Из чувств, страстей, свойств выбирались тоже не свои, чужие: ненависть, зависть, мужество (мужское), а ее были: кроткая, себя казнящая ревность, сочувствие чужому успеху, женственность (женская); чувства и свойства характера вообще легче поддавались извращению из-за их всегдашней близости друг другу, даже не близости, а полной тождественности качества, однородности их психического состава, и лишь степень напряжения этого качества, повышение или понижение его температуры (что Але без труда, всегда, как всякой женщине, удавалось) служили мерой различия того или иного чувства, настроения, свойства.
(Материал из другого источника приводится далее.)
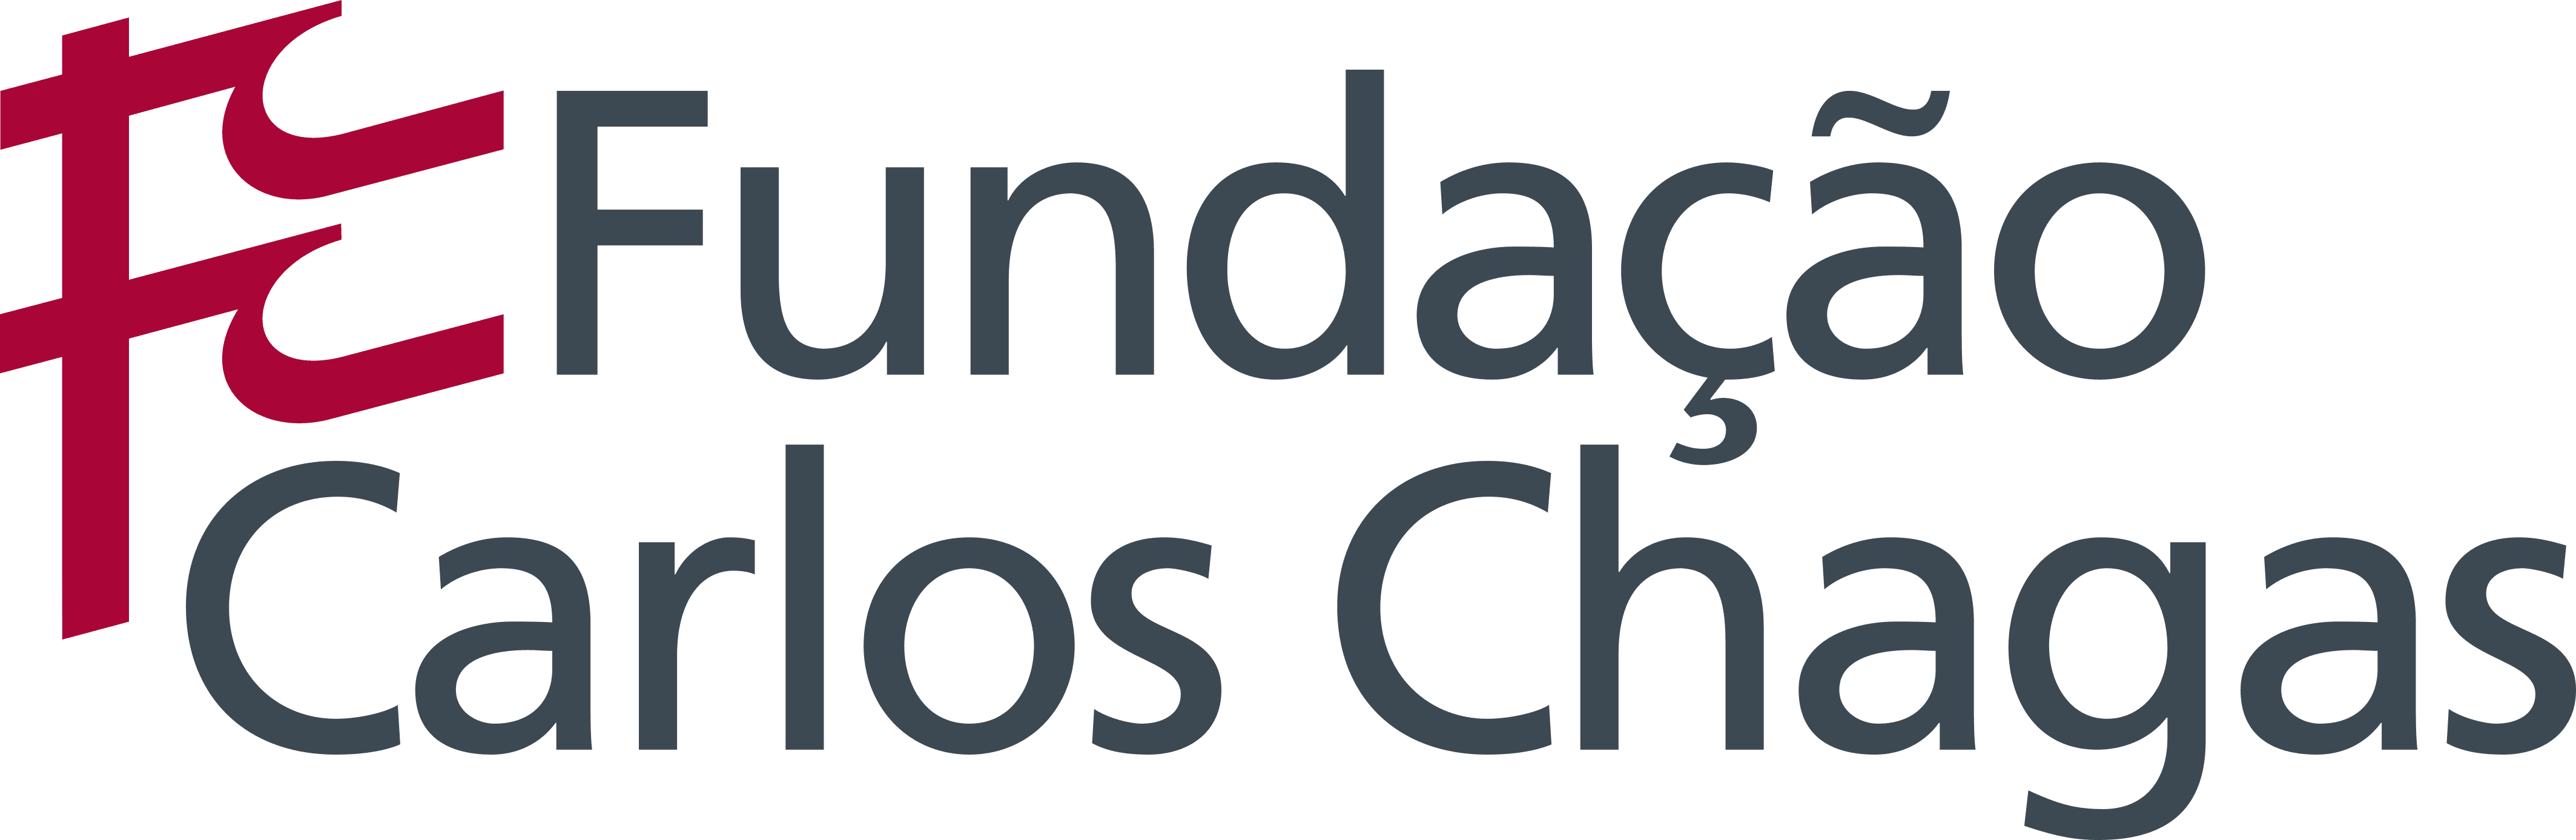 Fundação Carlos Chagas (FCC)

Но, опять же: выбиралось не бесчувствие, не отсутствие эмоции, не бесстрастие, не невозмутимость, не умиротворенность и кротость — но просто полярные затаенным чувства и свойства: стало быть, отречься от чувств Аля все-таки не могла. (Одно время, правда, она играла в смирение, в особенности перед своей женской долей (не перед полом, нет, — сюда опять не доставала, а перед таким мужем, таким замужеством), но — ух как однажды затрещала маска: раз, готовя для мужа шприц, Аля шепнула Лиде на ухо (сама же потом жалела, что проговорилась): «Знаешь, такое иногда хочется ему впрыснуть…» И ведь впрыснула, осуществила мечту, да только не ему, а себе, насилу оправилась. После чего — новая маска, но к нечувствию, всяким там кротостям и смиренностям больше не возвращалась.)
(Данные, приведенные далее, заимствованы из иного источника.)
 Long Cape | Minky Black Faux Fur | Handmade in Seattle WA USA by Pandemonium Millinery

№ 92. Отработав три года в Сосновке, Лида вернулась в У. Устроилась в небольшую школу, восьмилетку, где когда-то училась сама, и сразу сблизилась с завучем школы Софьей Францевной Меркер, преподавательницей истории и страстной, как Лиде поначалу казалось, любительницей литературы. Была она много старше ее, но Лиде как-то никогда не удавалась дружба со сверстницами, или, скорее, им не удавалась дружба с ней. Она-то всегда хотела. Отталкивающая внутренняя взрослость Лиды в какой-то детской, почти младенческой оболочке, почти свершившийся опыт жизни — и невинный блеск ее серых глаз настораживали подруг. Простодушная, прощающая наивность ребенка плюс острая проницательность обманутой жизнью старухи не располагали к себе, и ровесницы вечно сторонились Лиды. Зато старшие охотно выбирали ее в конфидентки, уравнивая (но и подавляя) своим житейским опытом ее жгучую интуицию. В Сосновке ей исповедовались уборщица школы тетя Клава, крановщица Паша, сторож Яков Фомич; когда она к ним на несколько часов по работе приезжала — лесорубы. Теперь — Софья Францевна.